═════ Data segment

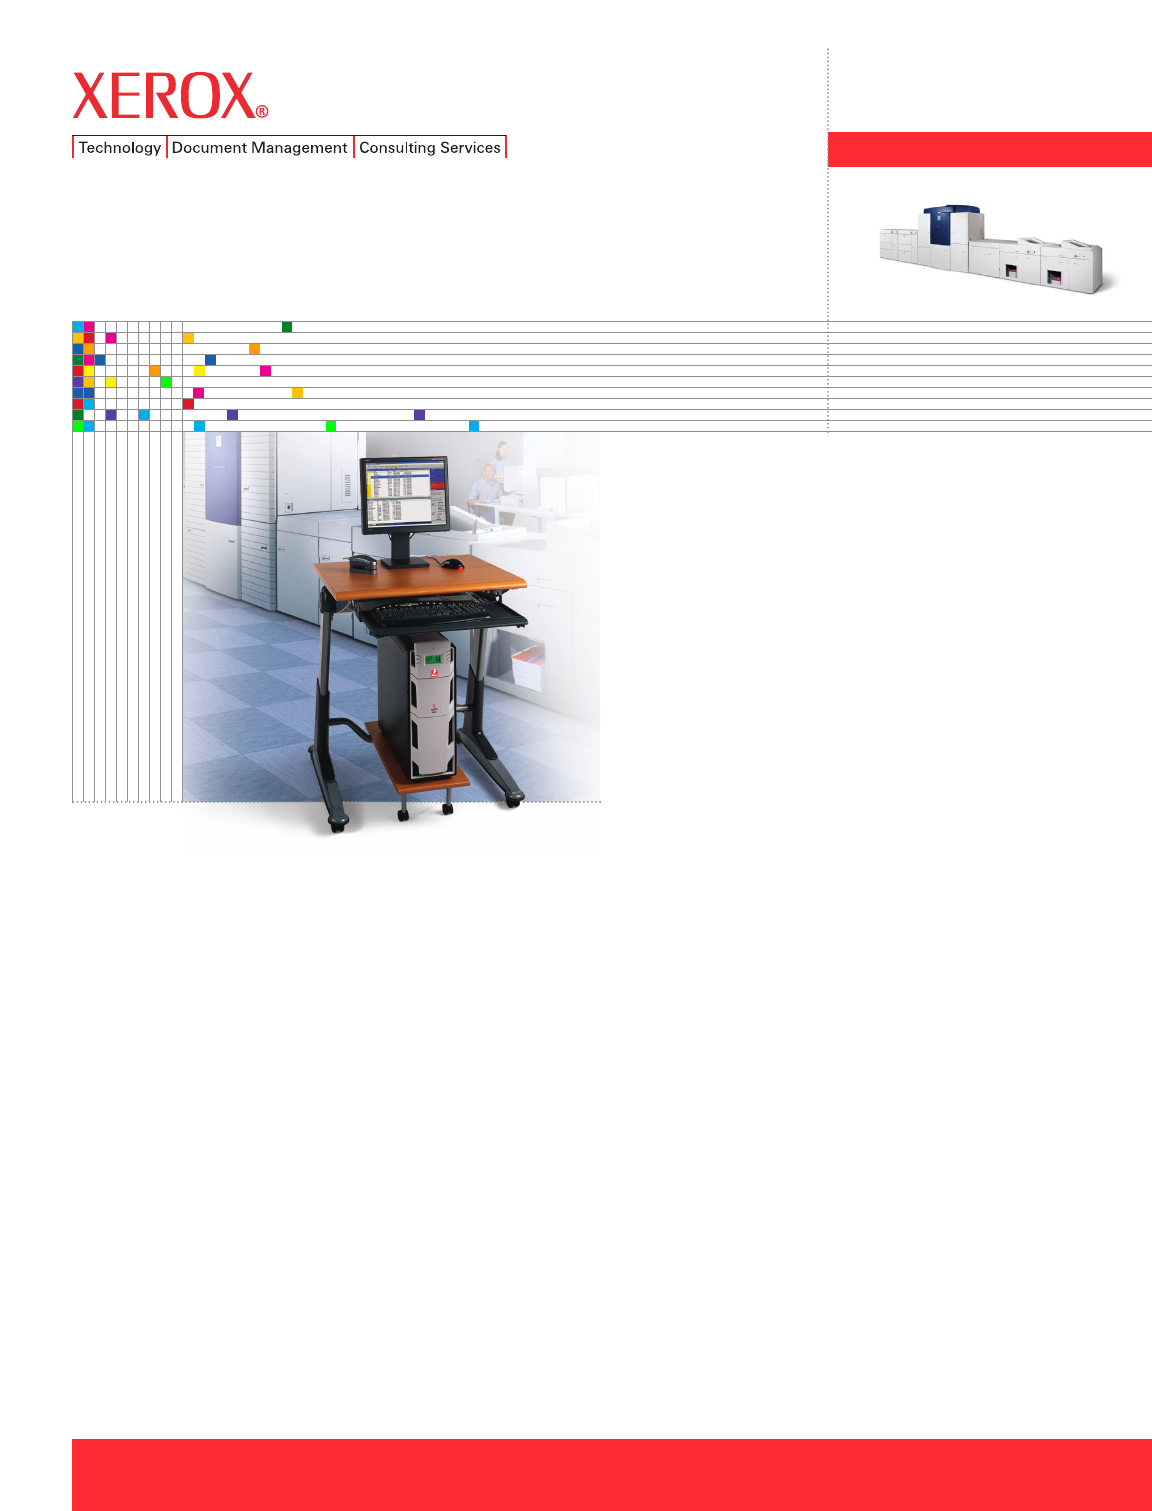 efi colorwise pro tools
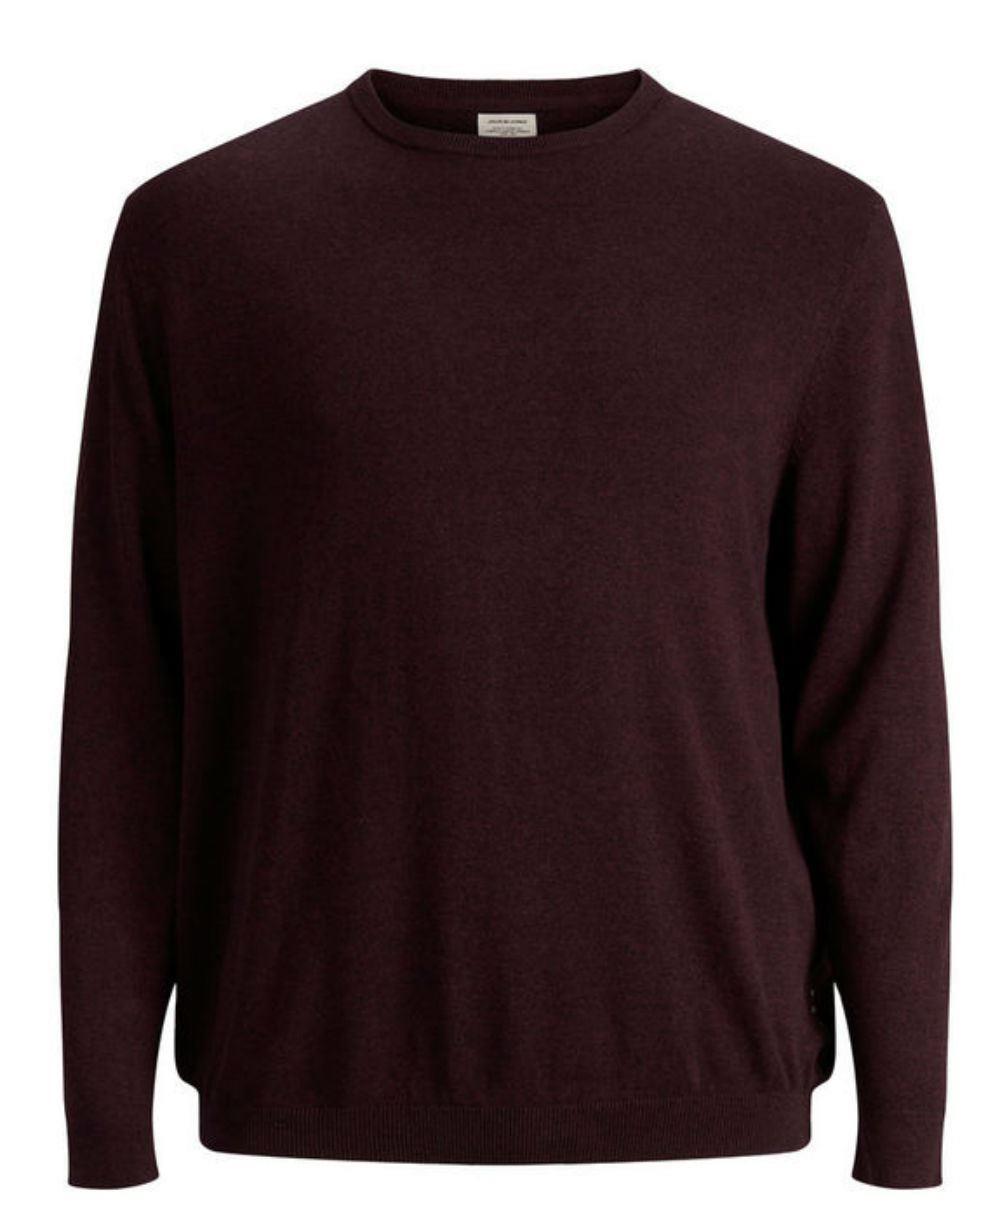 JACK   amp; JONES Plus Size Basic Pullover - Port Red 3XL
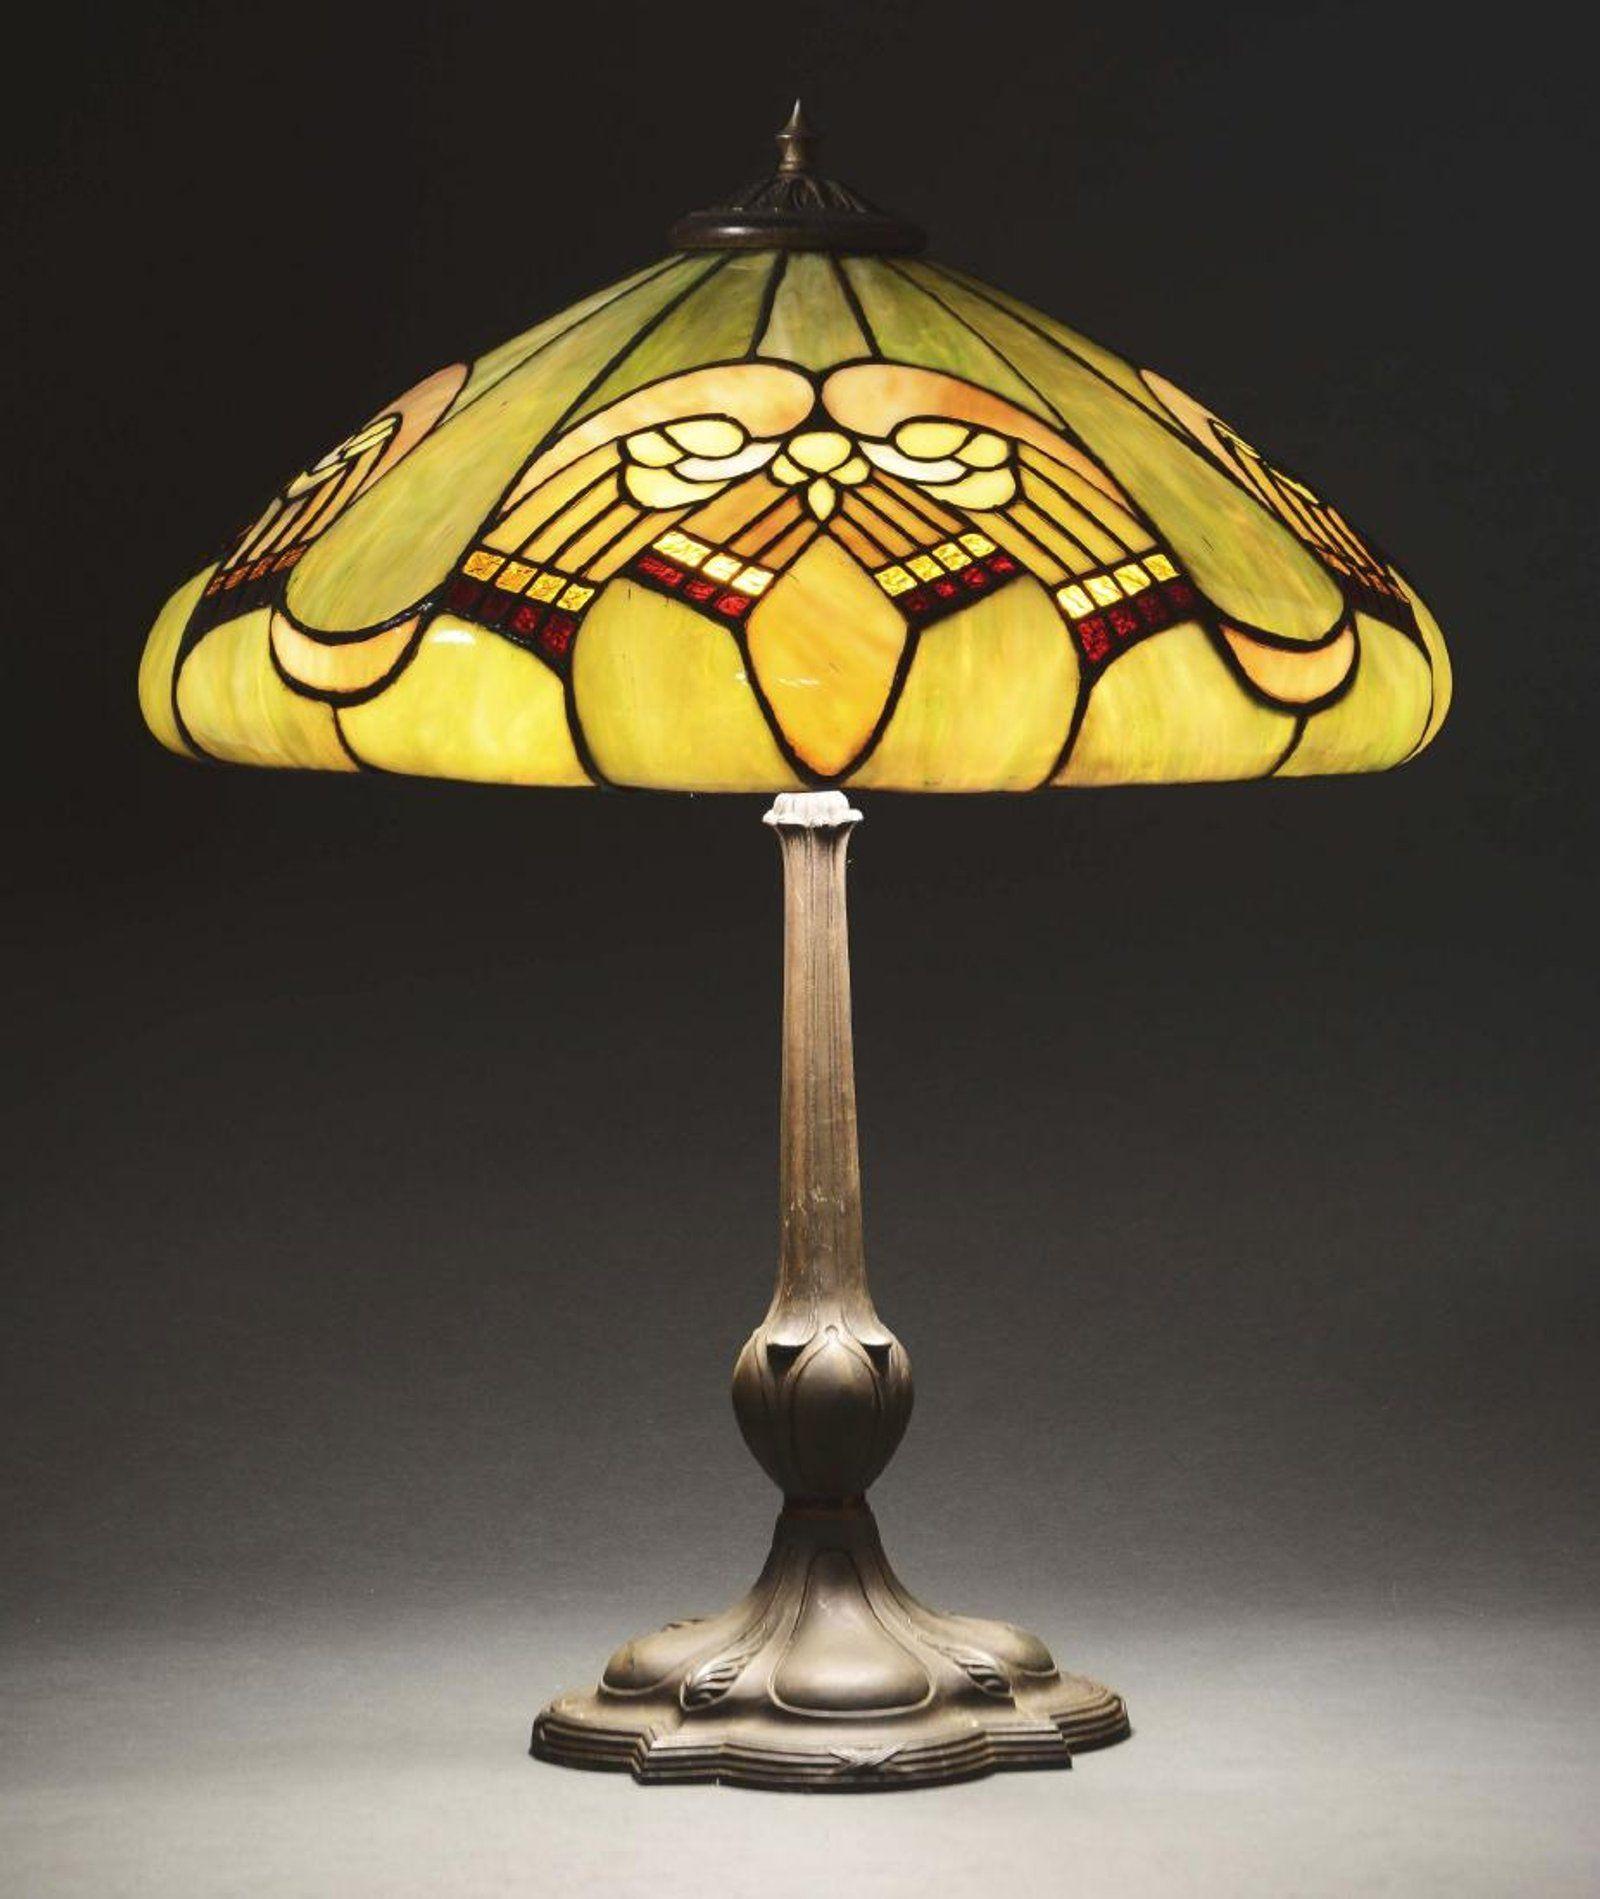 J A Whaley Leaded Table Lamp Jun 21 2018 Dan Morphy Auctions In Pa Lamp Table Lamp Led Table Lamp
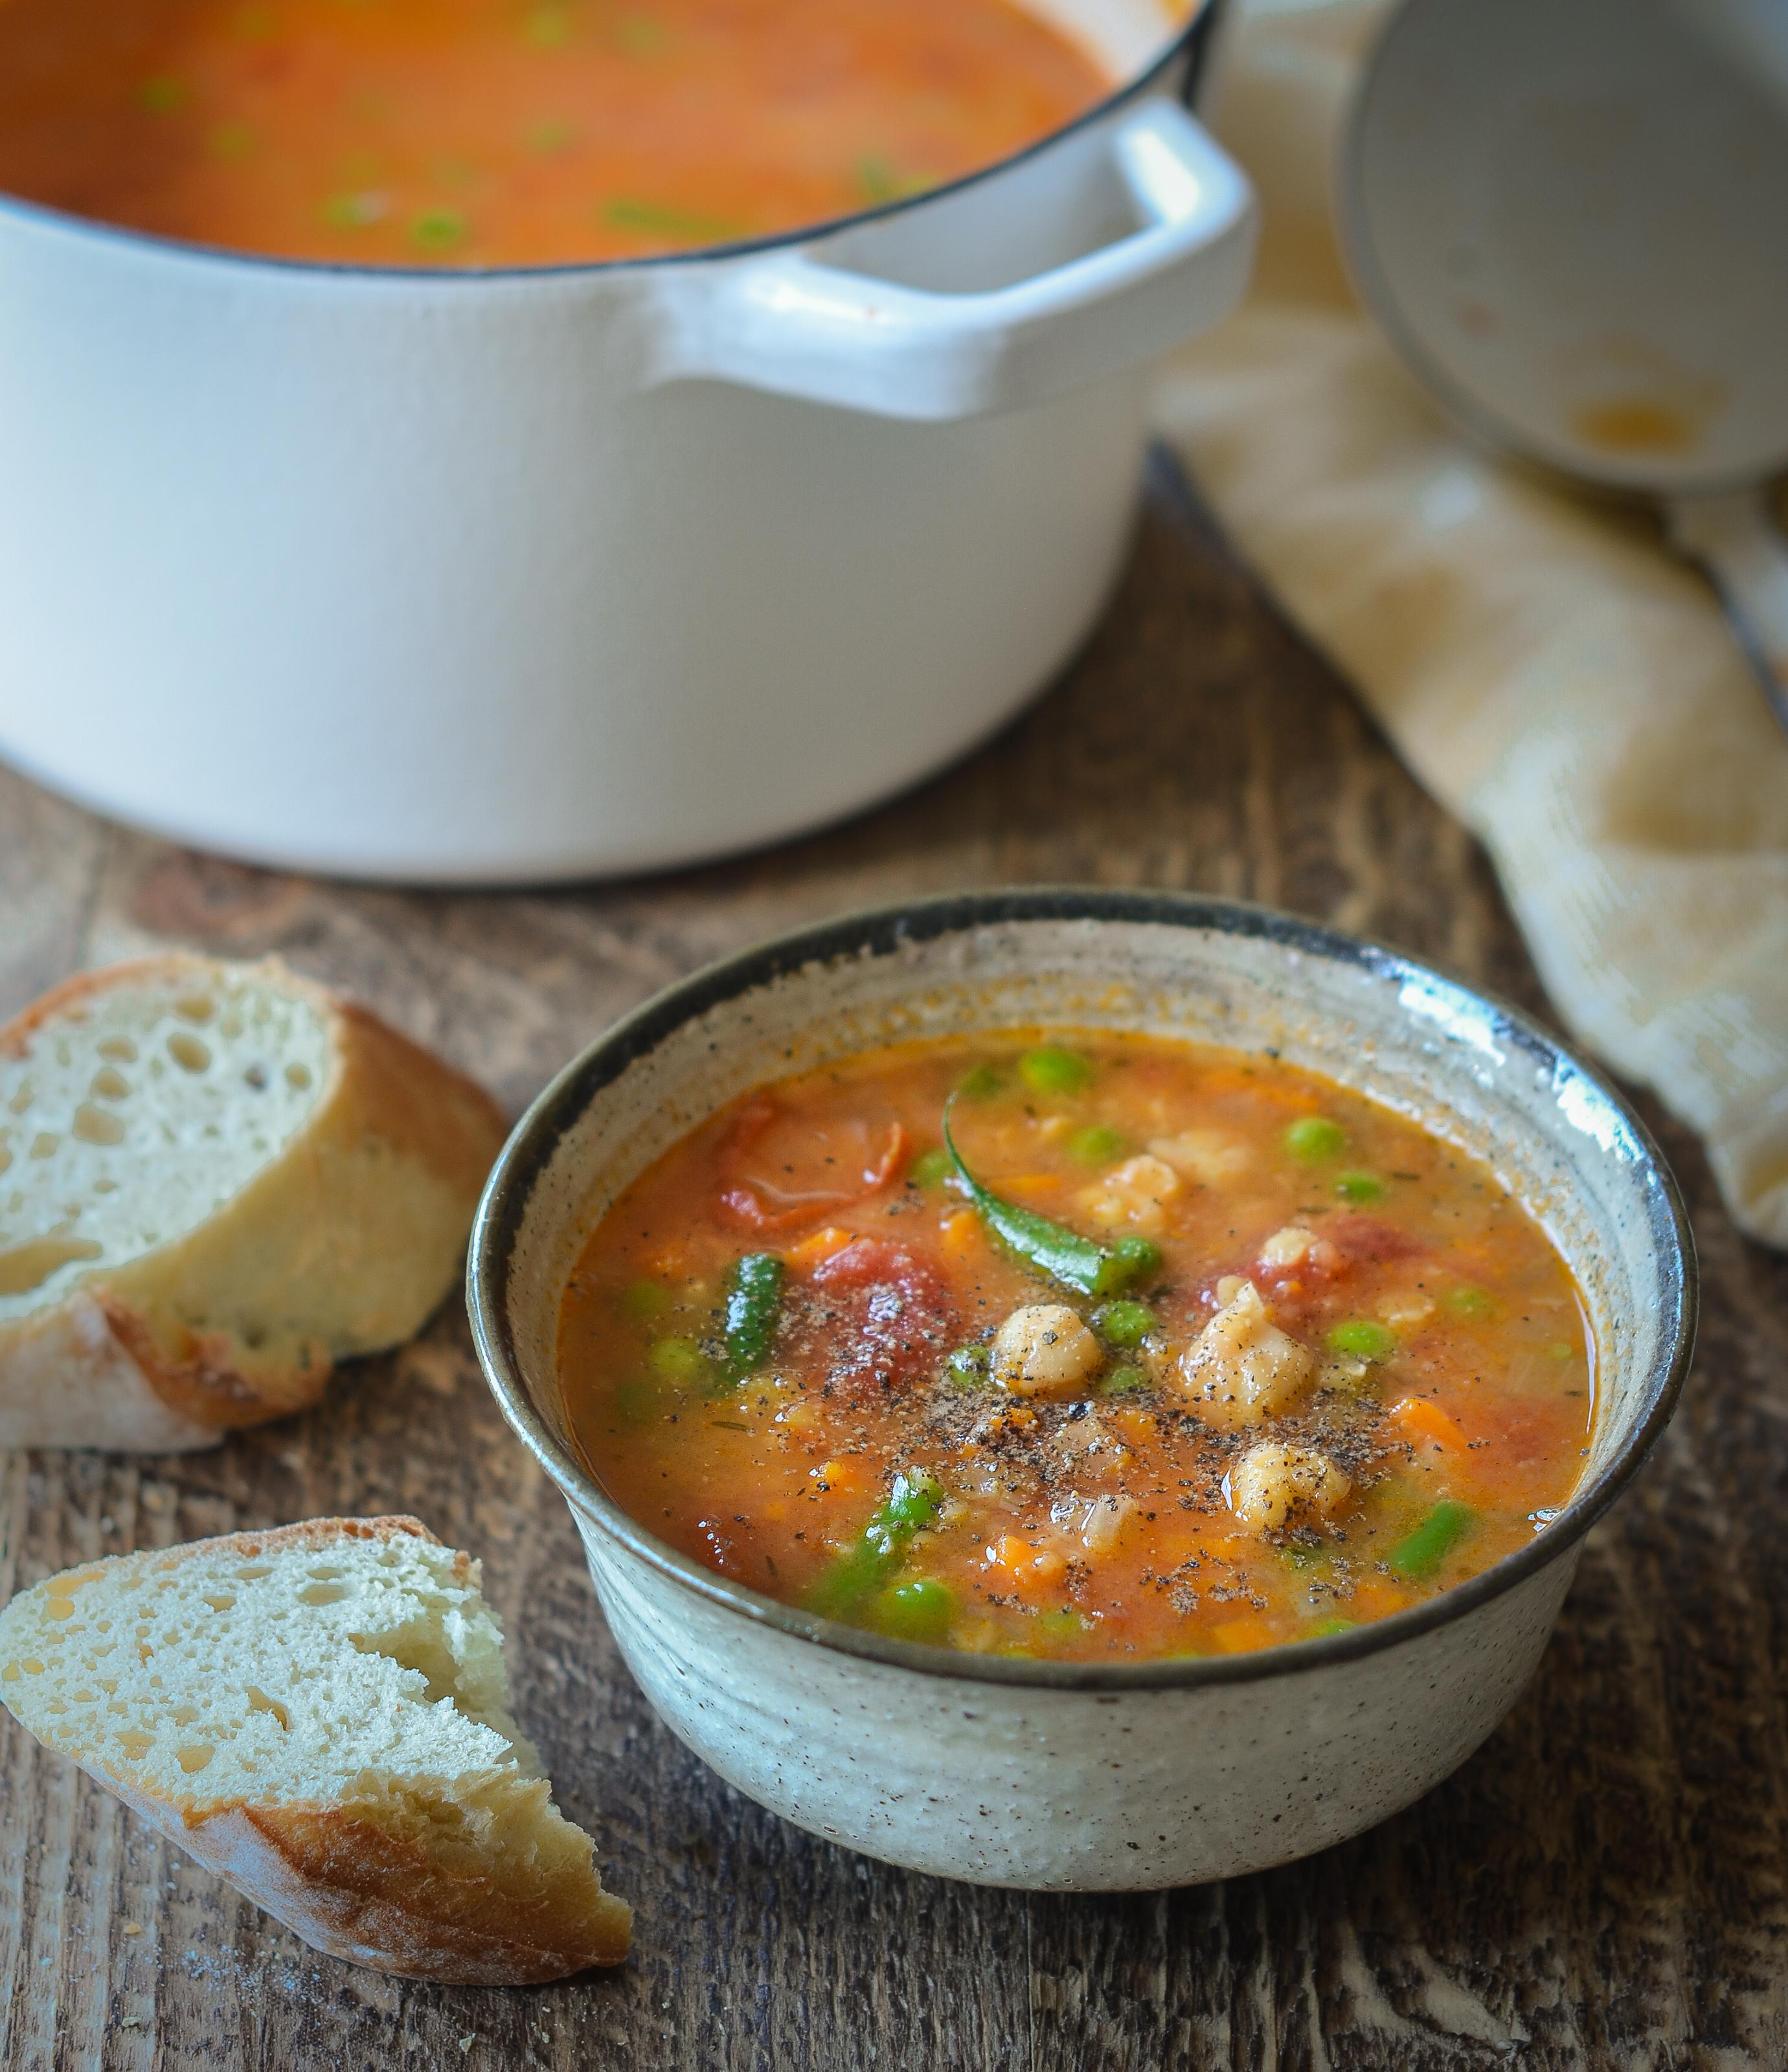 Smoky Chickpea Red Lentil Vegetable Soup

══════════

=== Task prompt ===
Please copy the lines above, starting at the one that holds "J A Whaley Leaded" and stopping after the last line, exactly as they appear and minus the pictures.

=== Result of the task ===
 J A Whaley Leaded Table Lamp Jun 21 2018 Dan Morphy Auctions In Pa Lamp Table Lamp Led Table Lamp
 Smoky Chickpea Red Lentil Vegetable Soup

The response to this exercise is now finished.